I sat outside, mending our bodywraps and footwraps in case we needed them again. Helpers came regularly from Strongheart to see if the Earth people were awake yet. The crowd watched and waited, sometimes softly singing ‘Come Tree Road’ or one of the other old songs about going home to Earth. Over in Circle Clearing, another crowd stared up at the veekle. From time to time that huge metal thing would make a little sound and a light would flash, like it was a living thing that was stirring in its sleep.

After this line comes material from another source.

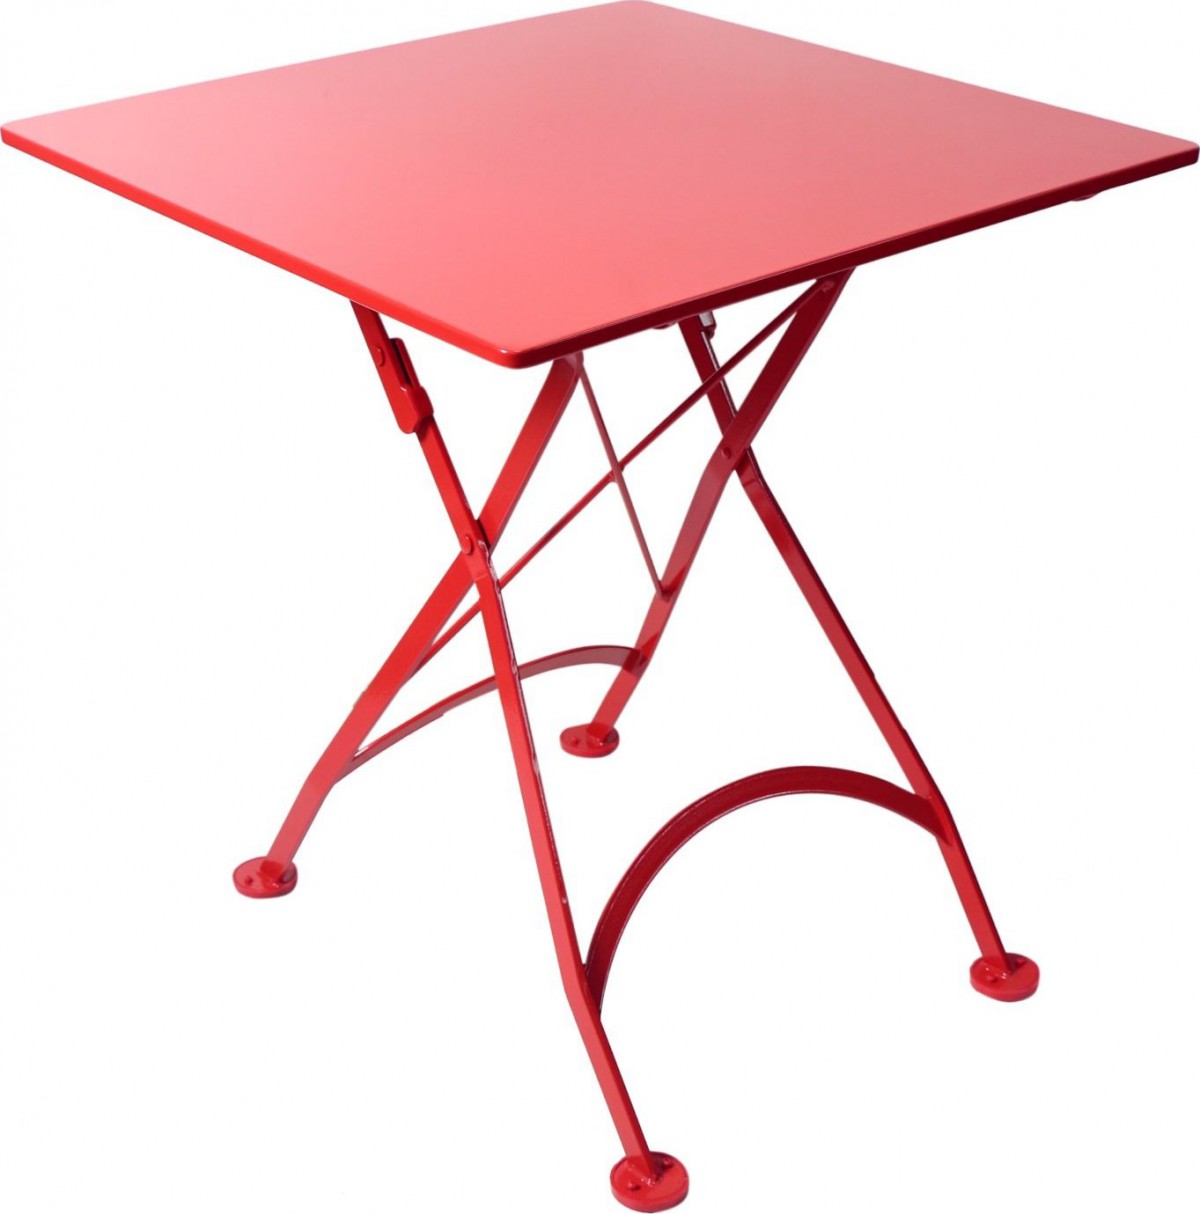 Furniture DesignHouse 28″ Square Folding Bistro Table
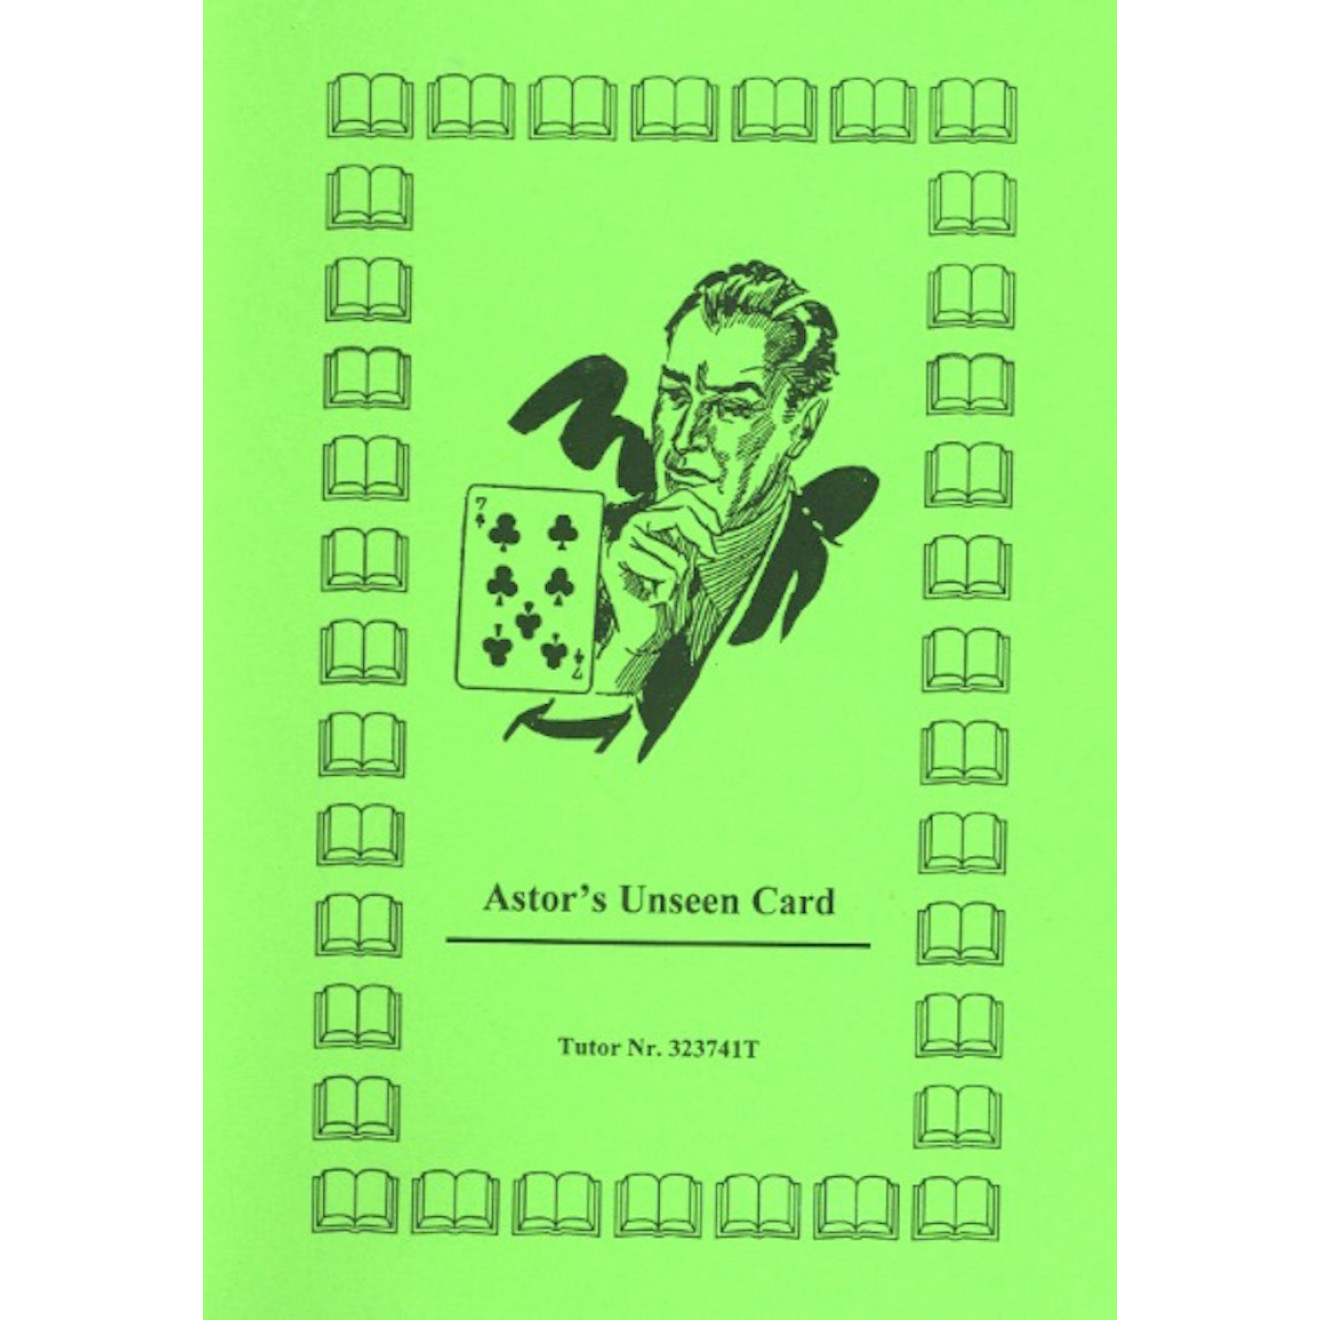 Astor's Unseen Card (gelocht)

Away across the Valley, Leader Harry and his eight guards were climbing up towards the Dark. We didn’t know what was going to happen, and everything felt strange, like we were dreaming and awake both at the same time. But this was a happy time, full full of hope.
And good news seemed to keep coming. Little Suzie wasn’t so ill now: she cried and squirmed about again, when a waking ago she’d been limp and unconscious on the edge of death.
At last Marius came out. We all knelt and bowed, like people do when a high person appears, and an excited murmur went round the watching crowd outside the fence. He looked embarrassed, waving to us to sit up again and squatting down with us, without even seeming to notice the crowd. He had a stale weary smell to him, and he looked just as tired as he did when he went to rest.
‘How long ago was it that you were on Earth?’ Trueheart asked him.
‘About twenty days,’ he said, using that old Earth word again. ‘It seems much longer when you’re living through it, but I think that’s about right.’
We were all amazed. These people were still on Earth, standing under its blue sky, when the Johnfolk set out across the Pool!
‘That seems hardly any time,’ I said. ‘We thought Earth was far far away.’
‘It is far away,’ Marius said. He pointed up at the great wheel of Starry Swirl above us. ‘That’s far away. All of it. Further away from here than any human being can really imagine. And it’s bigger than anyone can imagine too. Earth is deep inside it. We only got here so quickly because we kind of cheat and don’t go through space at all, or only a bit of it, anyway, and then take a kind of shortcut. You see, we . . .’ I was still fixing torn bodywraps, and Marius picked up a scrap of buckskin lying in front me. ‘Imagine this is space,’ he said, and then folded it over, so that the two opposite ends of it lay side by side. ‘We jump across from one side to the other, instead of going through what lies in between.’
That made no sense at all to me, or to Tom or Clare, or to any of the other Michael’s Place grownups that were listening. But I noticed Trueheart watching Marius with bright eyes. It was like he was talking about things that she’d never heard named before but had somehow known were there.
‘This is . . . what? The skin of an animal?’ asked Marius, looking at the scrap in his hands. ‘What an interesting texture. I’d like to see some animals soon. That’s what I study, you see, animals and plants, and—’
‘I don’t get that thing about cheating and space,’ I said, ‘but if it only takes you twenty wakings to get here, and if you knew how to find us, how come you’ve taken four hundred years?’
Behind me, Gaia had just come out of the shelter and it was her that answered me.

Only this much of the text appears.